Last week I purchased a 2010 Honda Insight and I absolutely love it. One of the features I was excited about was the USB port in the center console. Rather than waste an MP3 player / iPod by leaving it plugged in you can simply load your MP3s onto a cheap USB thumb drive and have access to a ton of music right from the stereo controls. Yesterday I loaded up an 8GB USB drive and quickly discovered my only complaint about the car: the seemingly random order in which MP3s are played.
At first I thought that they may be in alphabetical order, but that didn’t make sense as all of my file names are already prefixed with the track number. After a little research I found that the built-in MP3 player plays the files in the order in which they are actually stored on the drive (in the FAT)! I then thought there must be some option to change the sort order but I was sorely disappointed. This was the behavior of some of the first (cheap) MP3 players in the early ’00s — it is inexcusable in late 2009.
I found a forum thread discussing the problem where it was suggested that you could use a utility called FATSort to reorder the FAT to be in alphabetical order. This seemed like a viable work-around but the utility didn’t recognize my FAT32-formatted drive. I then tried another Linux utility also called FATSort but it reported errors on the drive and couldn’t continue.
Finally a solution:
I was finally able to find another utility that serves the same purpose: DriveSort. I verified that it works on Windows 7 so it should work with Vista and XP as well and it supports both FAT16 and FAT32 formatted drives.
Before following these instructions make sure to make a complete backup of any drives with which you’re going to be working.

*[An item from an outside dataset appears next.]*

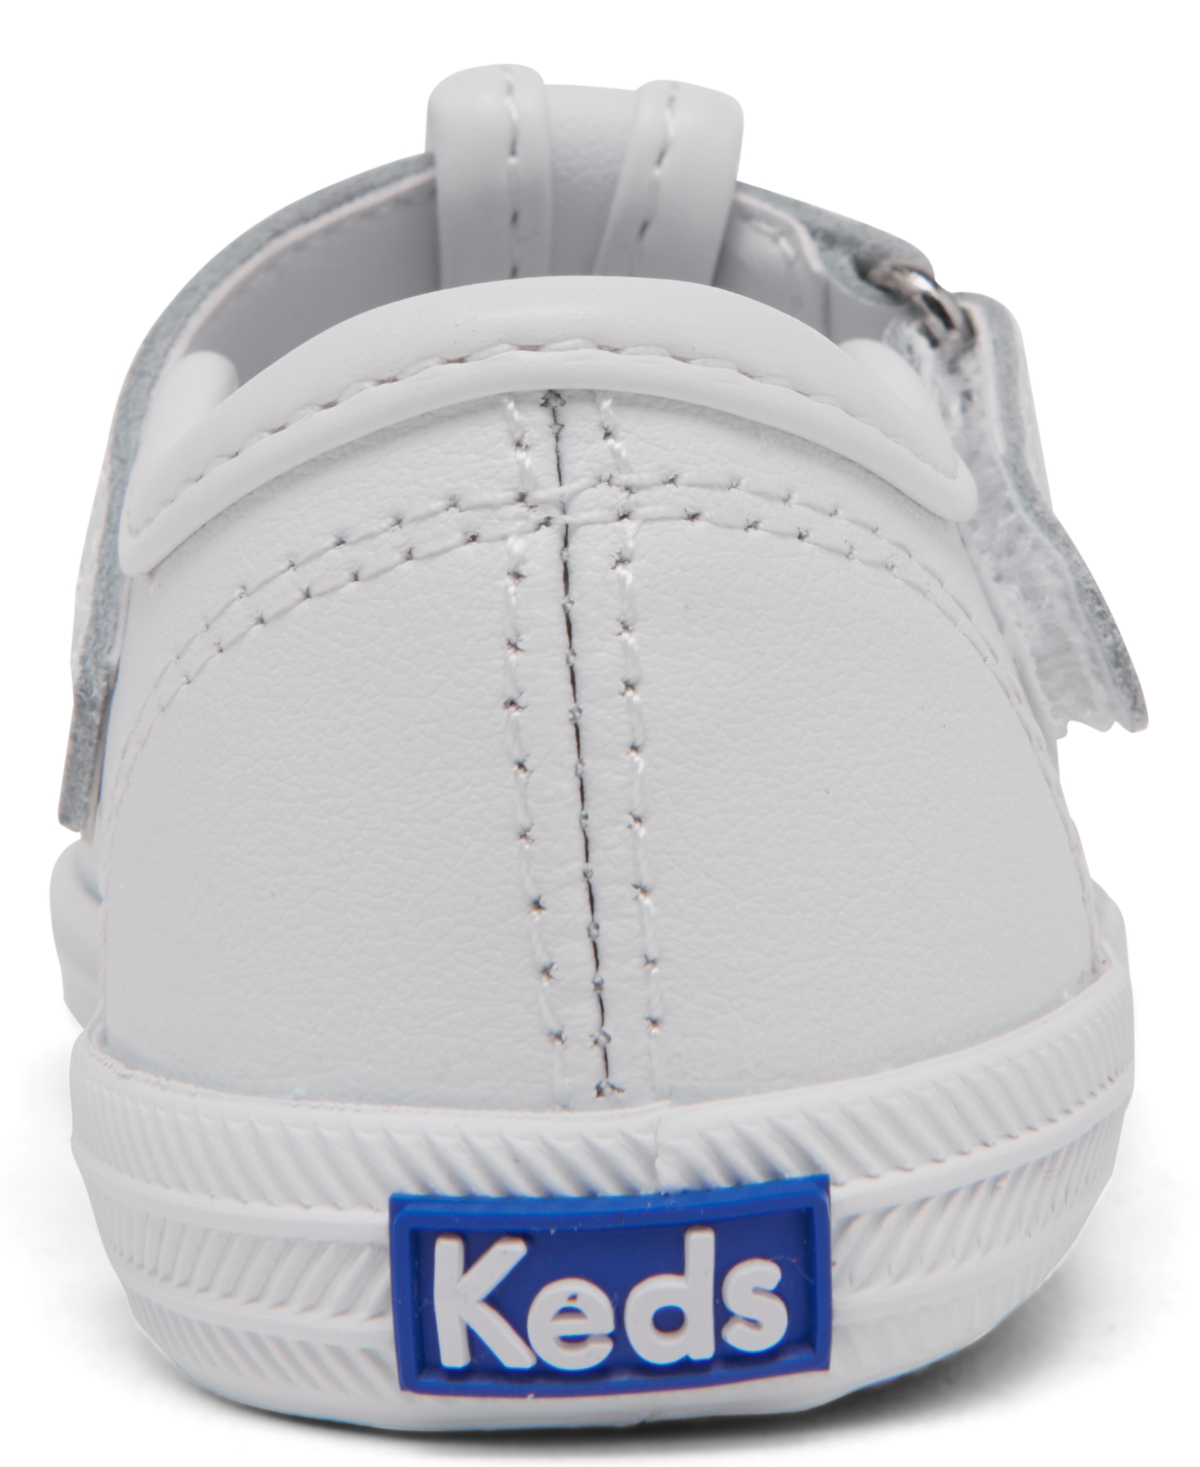 UPC 044214157174 product image for Keds Champion Toe-Cap T-Strap Shoes, Baby Girls & Toddler Girls | upcitemdb.com

Download and run the program and then do the following:
- Click “Disk” -> “Open” and select the proper disk
- Click the arrow on the “Sort current folder” button and check “Long name sort” and “Subdirectories”
- Click the arrow on the “Save current folder” button and check “Subdirectories”
- Click “Folder” -> “Sort”
- Click “Folder” -> “Save”
- Click “Disk” -> “Close”
Now the files should be stored in alphabetical order within the FAT so the Insight’s MP3 player should play them in the proper order.
I still think it’s ridiculous that you have to use this hack to get the player to work as expected but at least there’s this work-around.







I feel your (though it’s a year old) pain. My Samsung player was perfect (until I guess I dropped and stood on it one too many times) worked by file name and I wasn’t impressed to find that the SanDisk Sansa played according to IDE tags and now I’m looking for an ordinary mp3 player to play audiobooks according to filename and to make bookmarking a little easier.